In 1986, the ICAO, proposed adding amendment 3bis to the Chicaco Convention which reads in part:
The contracting states recognize that every state must refrain from resorting to the use of military weapons against civil aircraft in flight, and that in case of interception, the lives of persons on board and the safety of aircraft must not be endangered.The amendment goes on to include that every nation can request aircraft violating its airspace to land at a designated place, and establishes the requirement that aircraft obey such orders. This amendment was not ratified by the membership in the ICAO until 1998. Interestingly, the US and Peru, both of whom advocate shooting down suspected drug planes (outside of US air space) are not signatories of Article 3bis. Foont concludes that a rule prohibiting the use of force against civilian aircraft is at the cusp of being established international law, but that its not quite there yet.
Foont, in the above referenced article, also reviews the law with respect to the shooting down of suspected drug planes. He notes that the US, while not having this policy for US airspace, encourages it in partner countries such as Peru and Colombia, both of which have "accidentally" shot down civilian missionary flights as part of such a drug interdiction program. The US has even gone so far as to indemnify and hold harmless any US functionary aiding countries that the President of the US has found to have an adequate civilian safety assurance program as part of such a drug interdiction program, and this includes the programs in these two countries.

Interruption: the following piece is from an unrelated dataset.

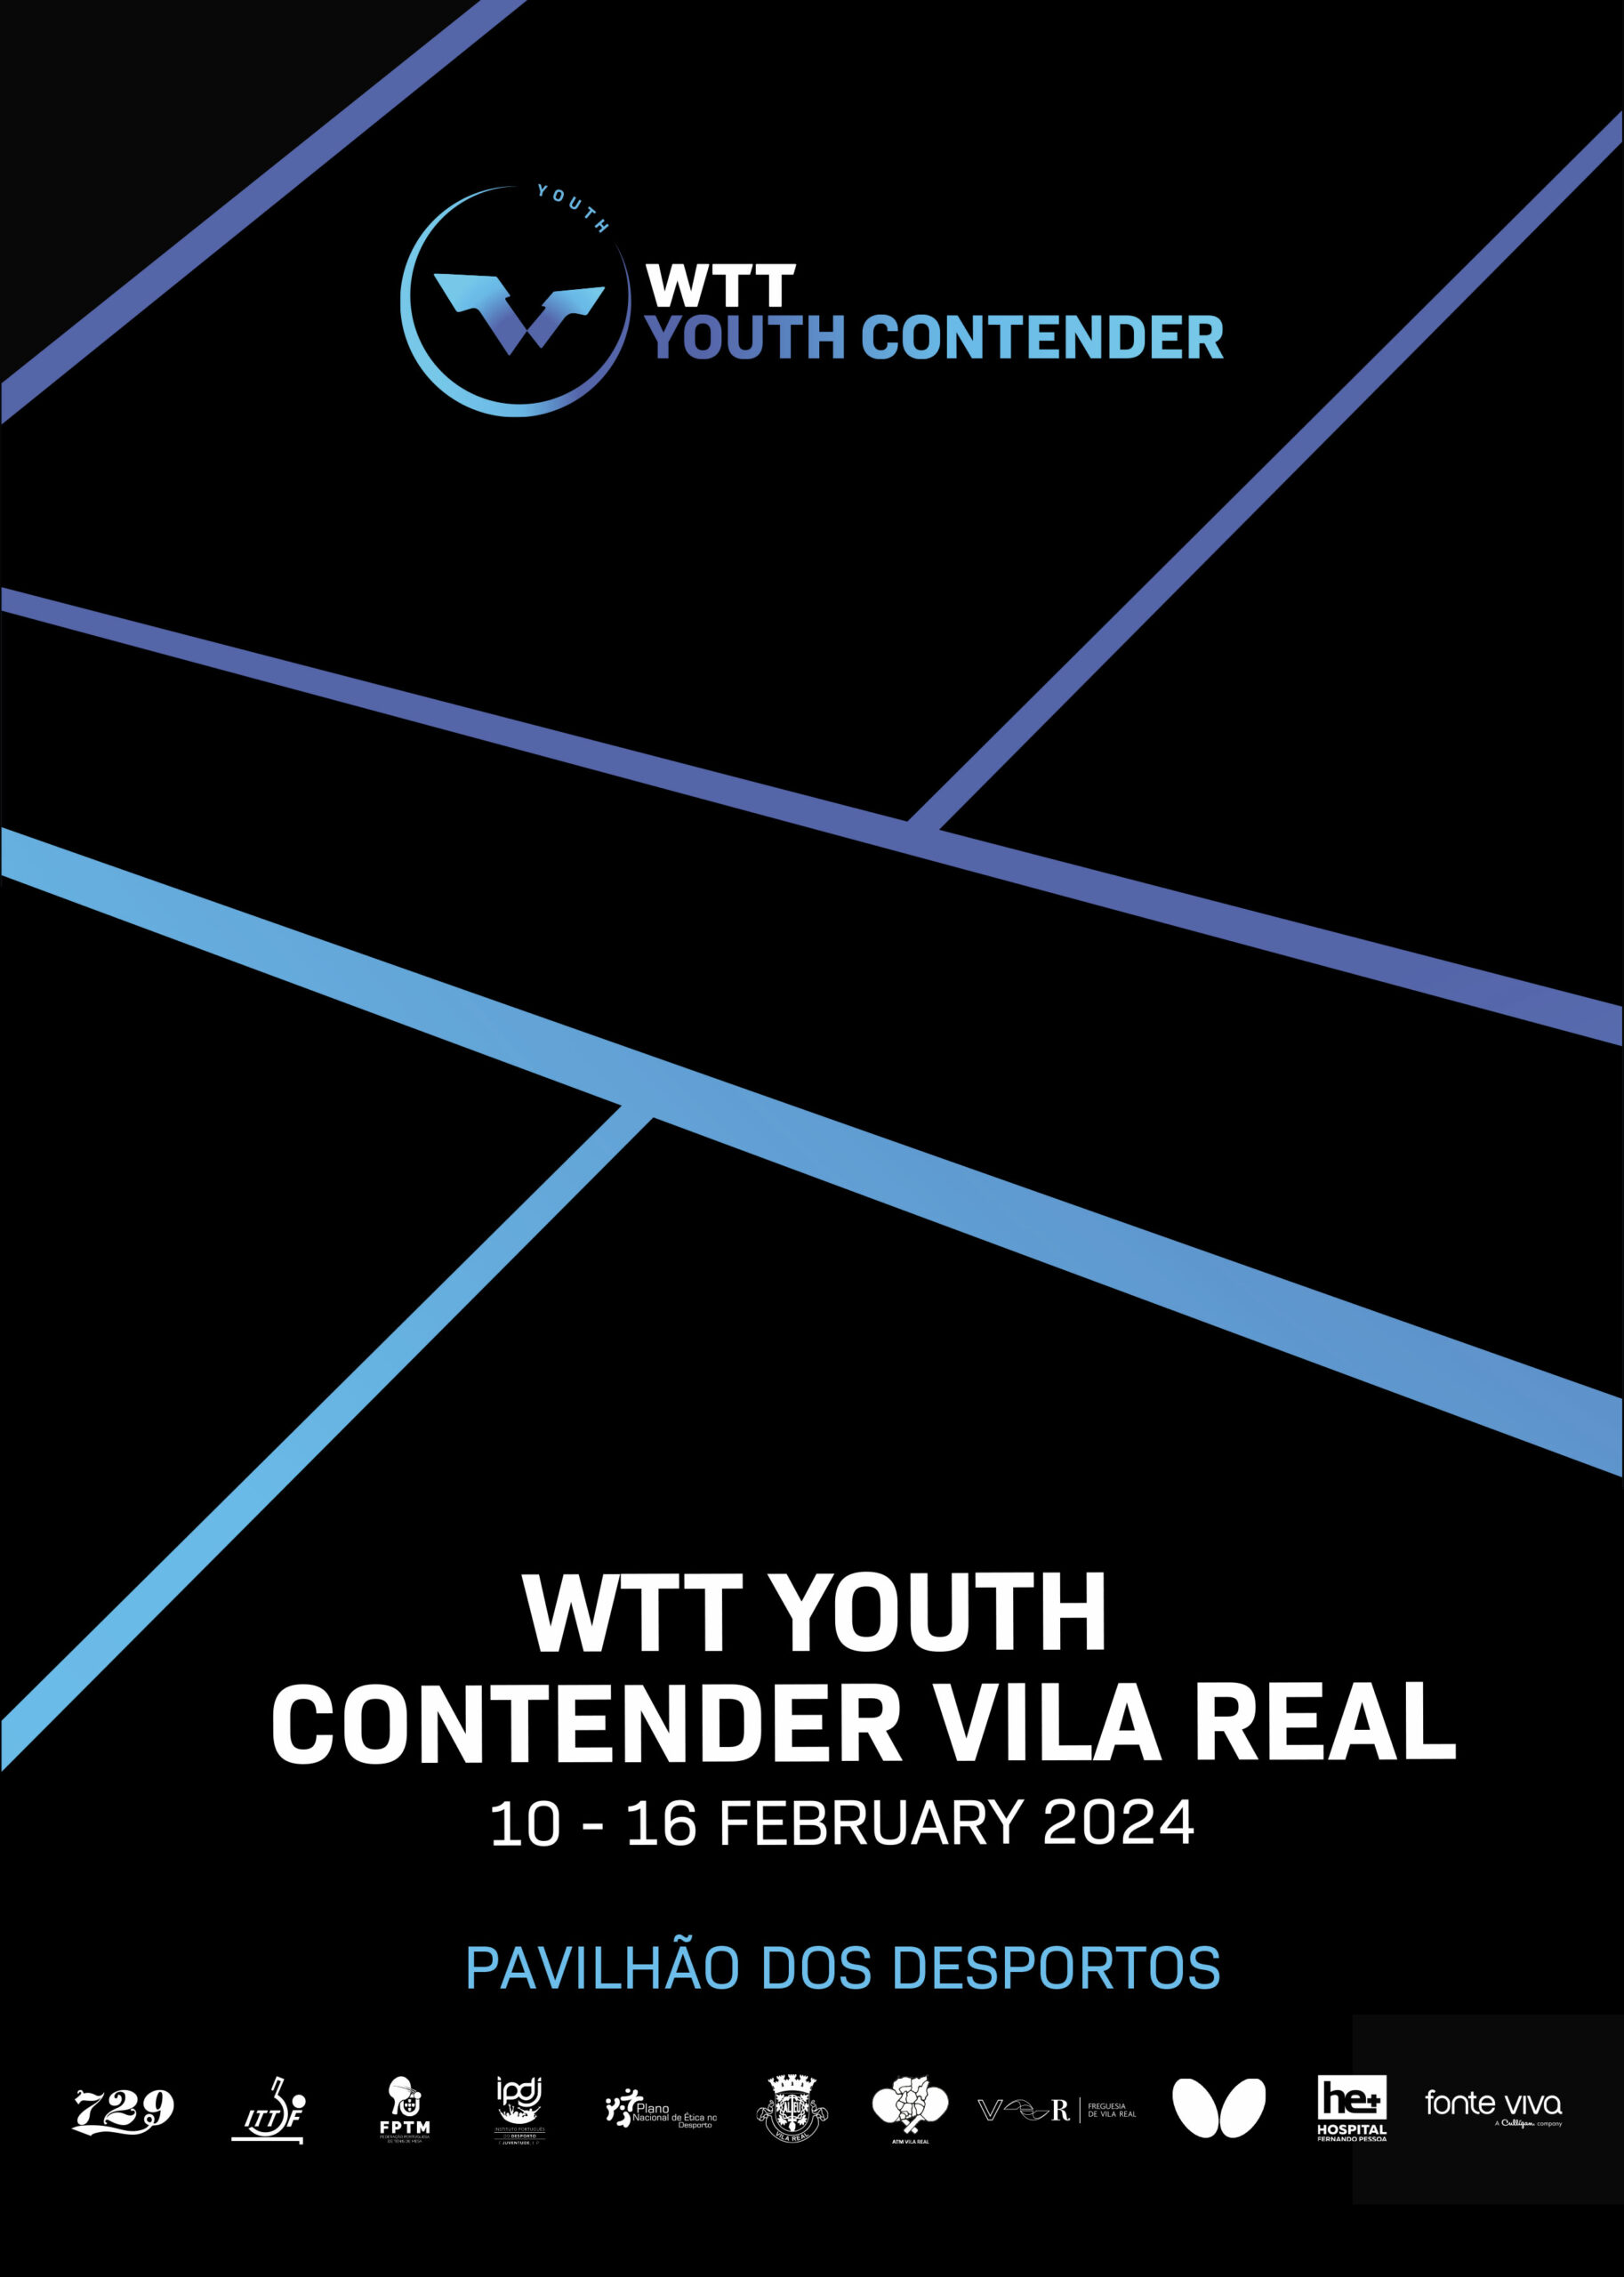 cartaz WTT Youth Contender Vila Real 10 a 16 fev. 24
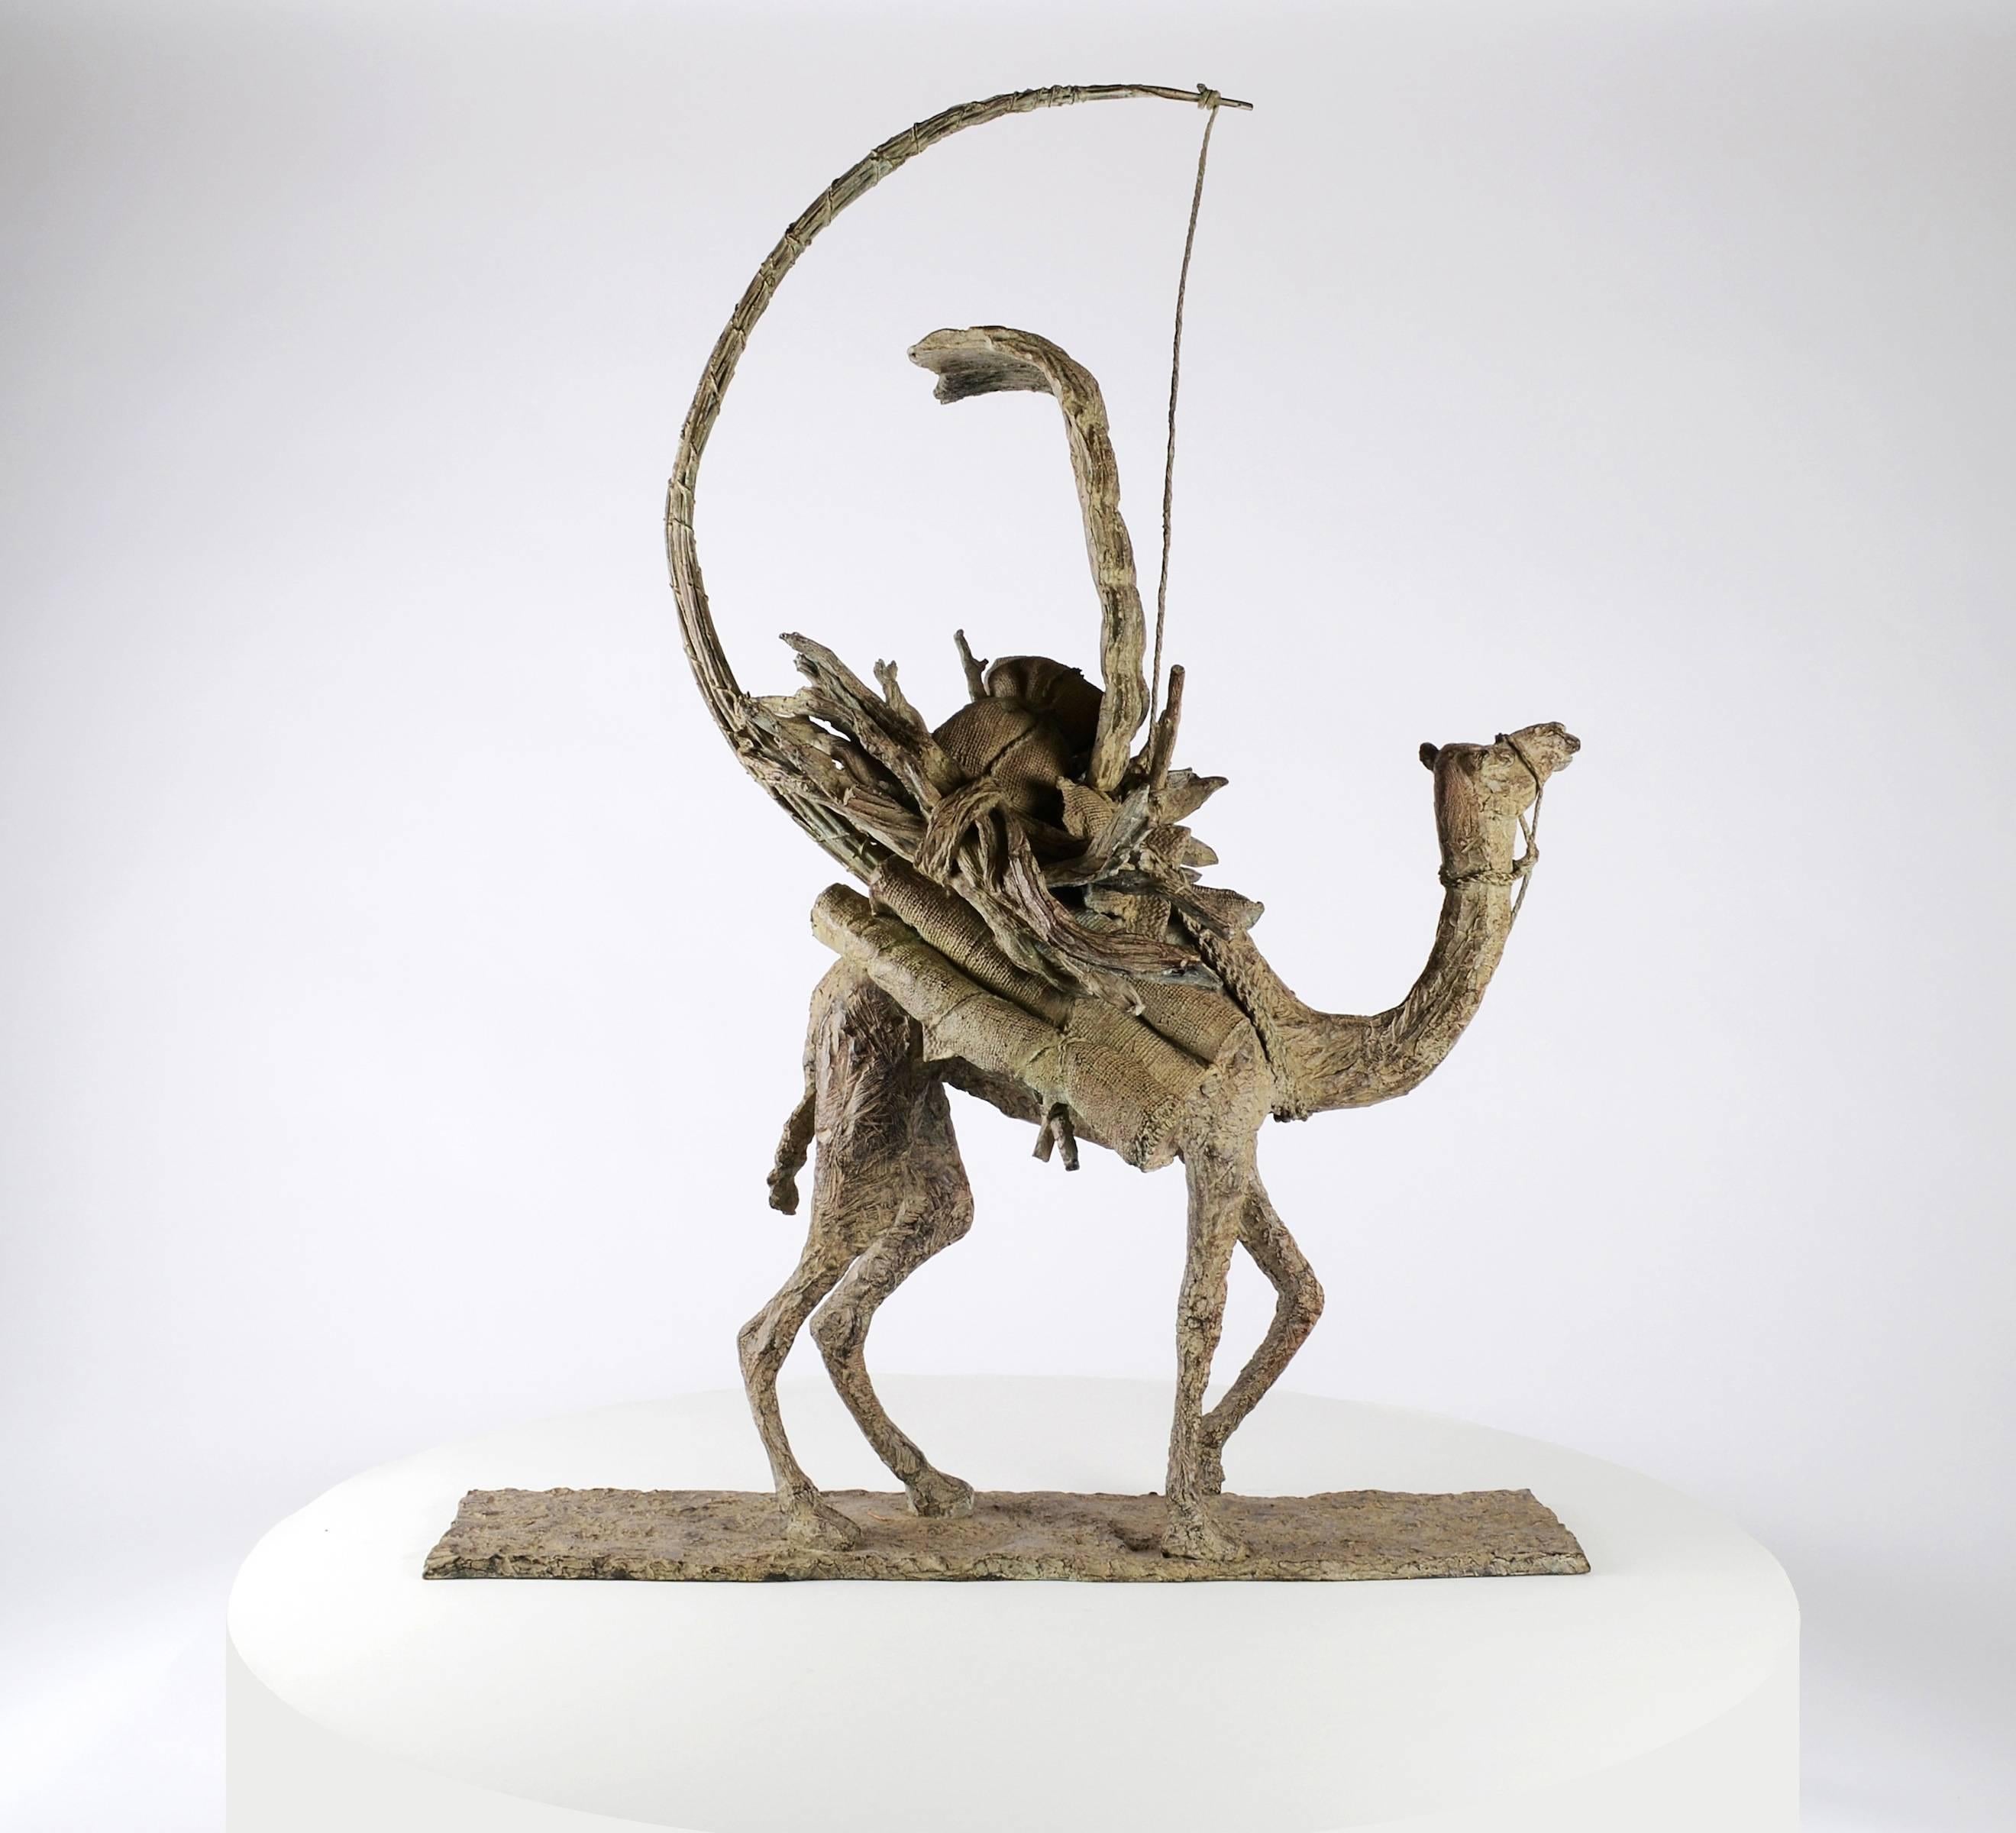 Figurative Sculpture Marine de Soos - Le récipient du désert de M. de Soos  Sculpture d'animal en bronze d'un chameau

Osorio makes the argument that Honduras needs the US to provide upgrades to its air force in order to implement such a policy, specifically Bell 212 helicopters and Super Tucano aircraft, which thus far, the US has declined to provide through its military aid to Honduras. Its current fleet of aging Tucano aircraft Osorio claims are too slow to intercept the modern civilian aircraft being use, and its F5 fleet is too broken down to be flown that often.
Osorio gives us no clues as to why he's had an apparent change of heart with regard to the interception and downing of suspected civilian drug aircraft. However, such a program in other Latin American countries has inevitably led to innocent civilian deaths.
Right now Honduras has no viable way to detect and follow suspected civilian drug aircraft, so this is a hypothetical future that is only possible with a large scale infusion of money and equipment to the Honduran Air Force. They lack local radar, and apparently do not have access to the US Southern Command's radar network such as the arrangement that the military of the Domincan Republic have, where their soldiers watch over radar consoles at US Southcom and dispatch Dominican Air Force planes to intercept detected drug flights.
While interdiction of planes worked in places like the Dominican Republic, greatly reducing the amount of cocaine literally dropping from the air, that effect was short lived. The drug traffickers responded by switching to water transport and continue to use the Dominican Republic as a transit point.
Why should we expect a different outcome in Honduras?